Firefly isn’t the first startup to piggyback on ridesharing platforms with a supplementary service. Cargo, an in-car commerce startup that partners with brands across confectionery, electronics, cosmetics, and more, raised $22.5 million in September for tech that lets ridehailing passengers access goods during their trip.
But Firefly’s not strictly a commercial venture. It donates a minimum of 10 percent of all inventory to promote local not-for-profit organizations, public sector announcements, and non-commercial organizations such as advocacy groups and community organizations, and an additional 10 percent of unsold screen time to non-chain small businesses like coffee shops, restaurants, and boutiques.

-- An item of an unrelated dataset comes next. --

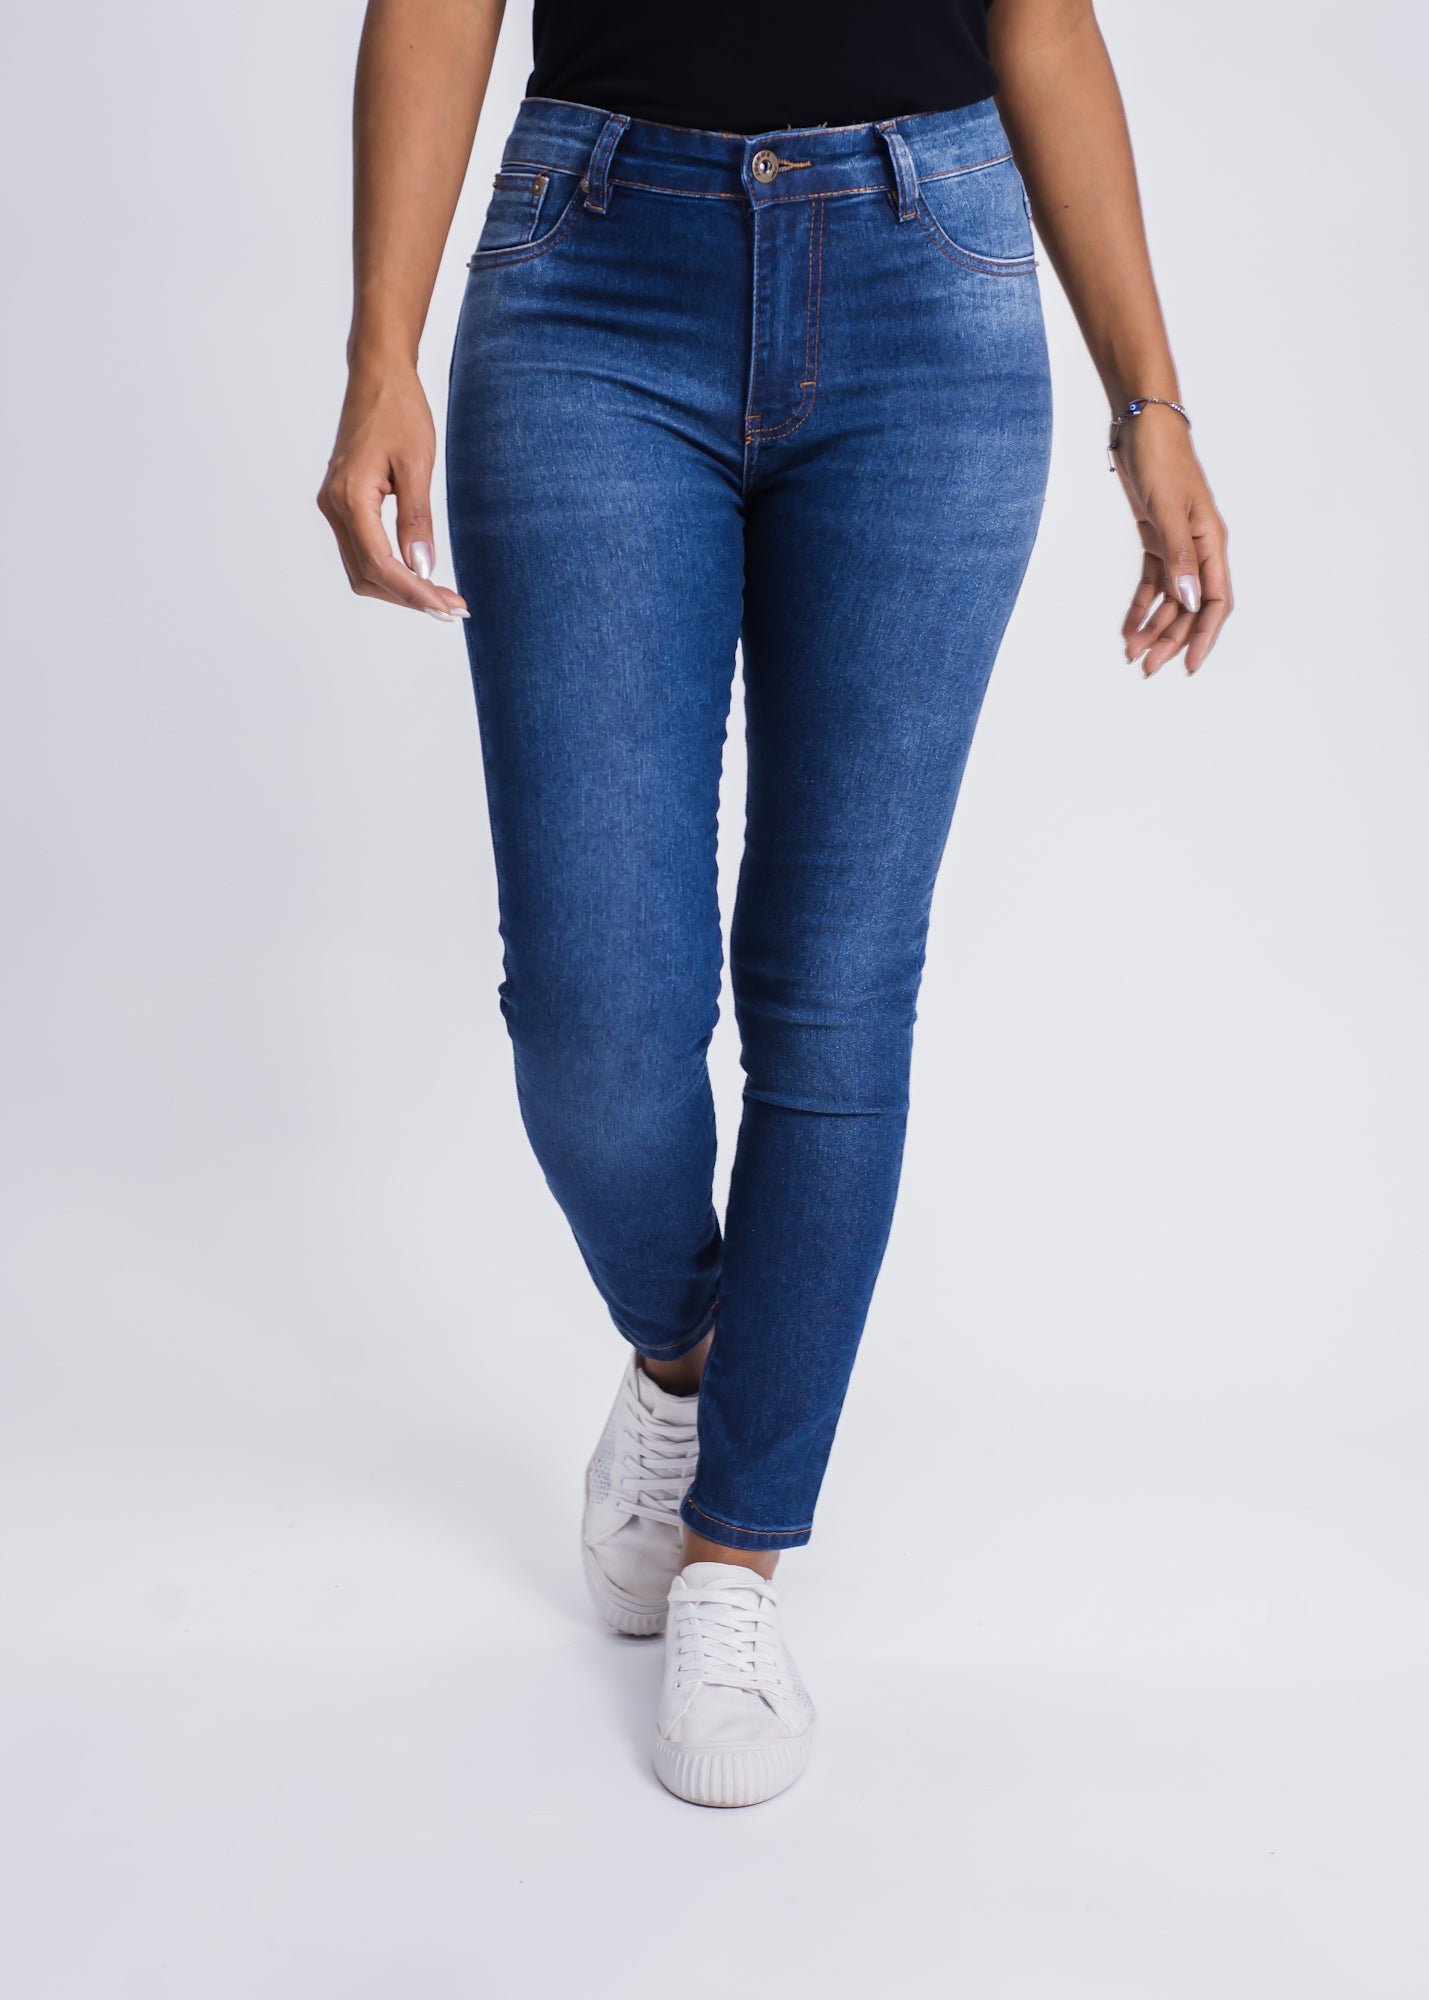 Calça Jeans Capri - Escura
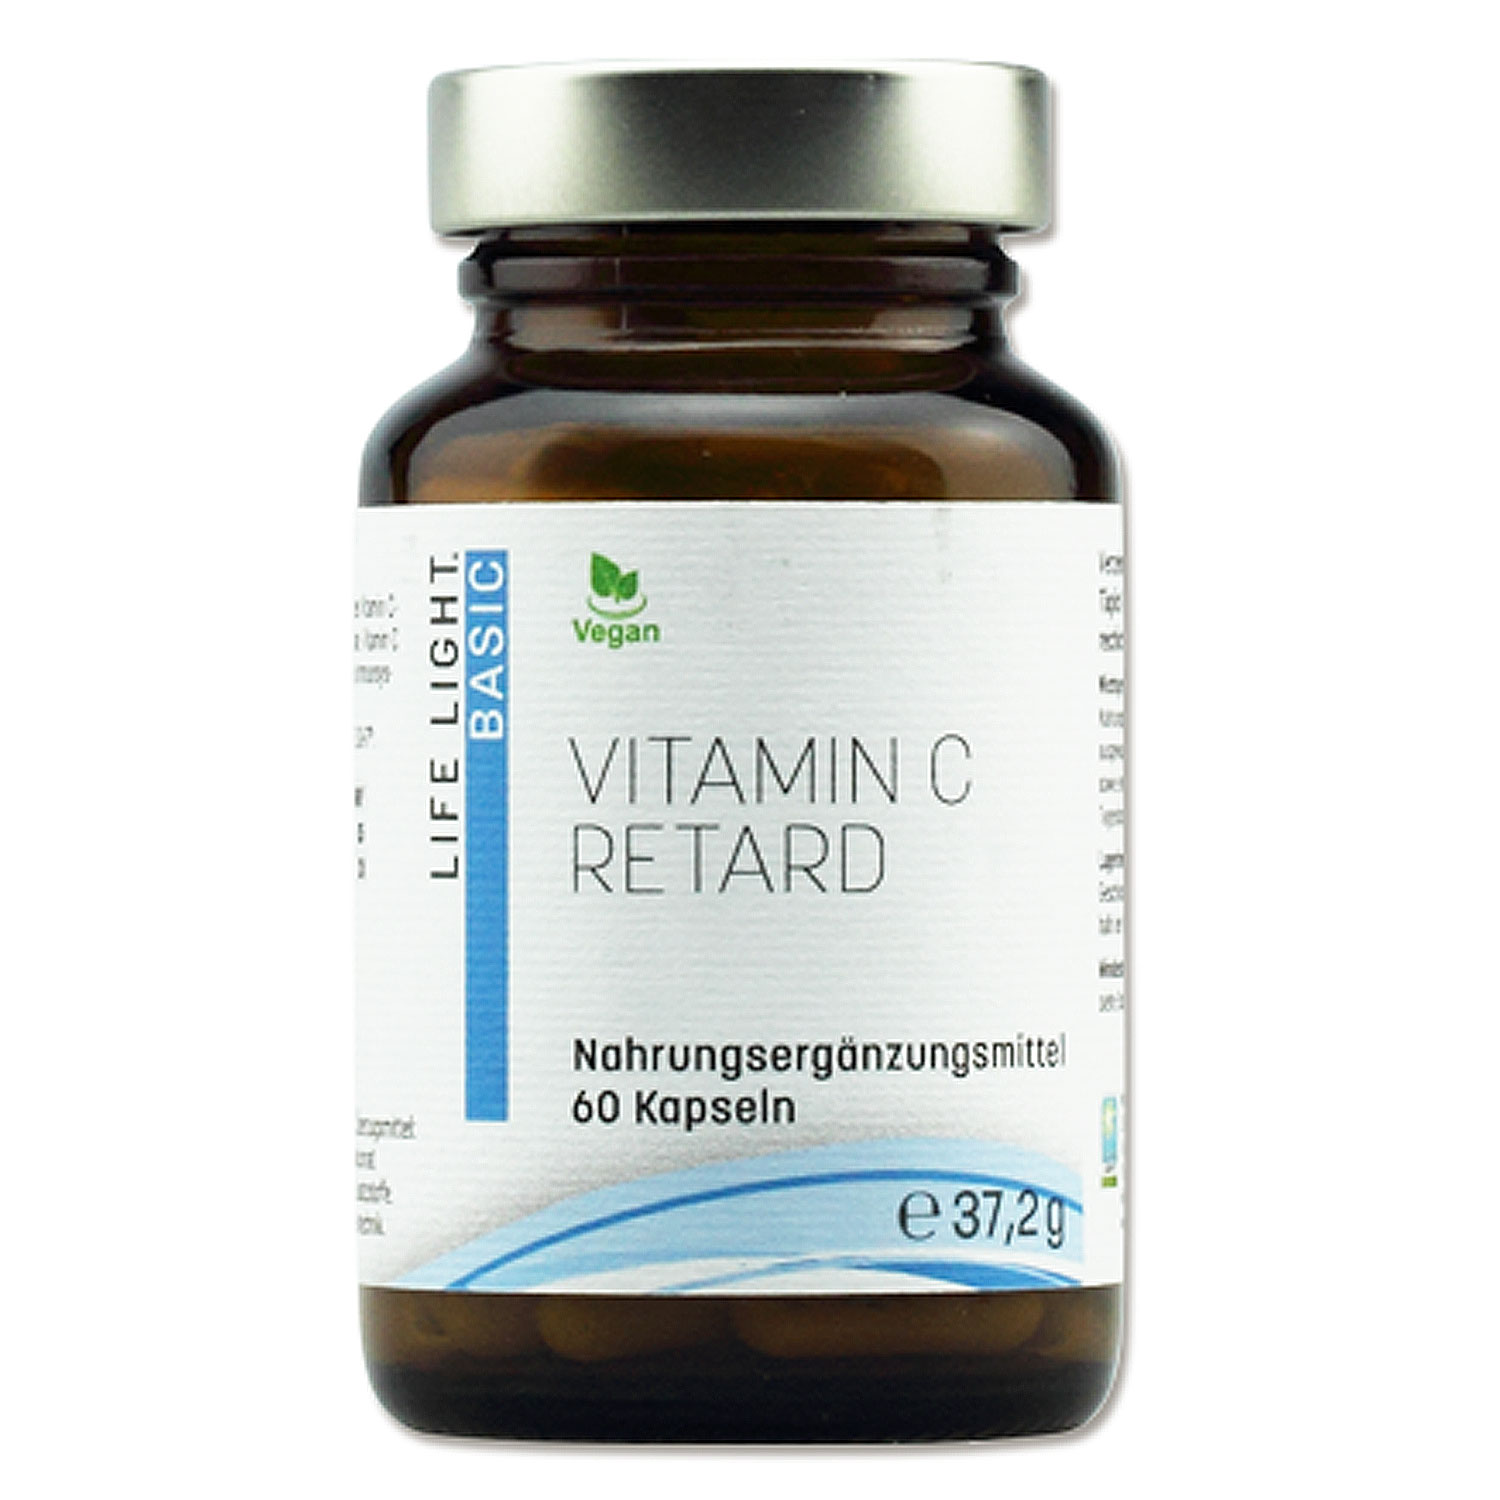 Vitamin C retard von Life Light - 60 Kapseln

“With Firefly, we’re building a smart city network that works for the city, to better the lives of all of the people that live and work within it,” Gunay said.
The Coalition for Clean Air, one of the early beneficiaries, says a geofenced ad in Downtown LA, Santa Monica, and Hollywood timed to coincide with Clean Air Day received 2.9 million impressions over the course of a 4-week campaign.
“The Coalition for Clean Air was thrilled to partner with Firefly to spread a vital message promoting shared rides over solo trips for California Clean Air Day,” Brian Sheridan, director of development at the Coalition for Clean Air, said. “The platform helped us to reach strategic areas of Los Angeles to drive our message. With the benefit of Firefly’s donated ads, we were able to make our day of action an even bigger success than ever. We look forward to partnering with Firefly on even more innovative efforts in the future to ensure cleaner air for everyone.”
There’s a data-sharing element to the business, too — Firefly works with local municipal governments to provide info on city mobility, predestrian movement, and air quality.
“Firefly is unique because they’ve built a cutting edge data platform with a human-oriented approach,” James Currier, managing partner at NFX, said. “Building on a series of network effects in their technology, they have a unique opportunity to positively modernize cities and towns by connecting people, governments and businesses. They can be an important piece in building smarter, safer and more sustainable cities, driving social good at the local level.”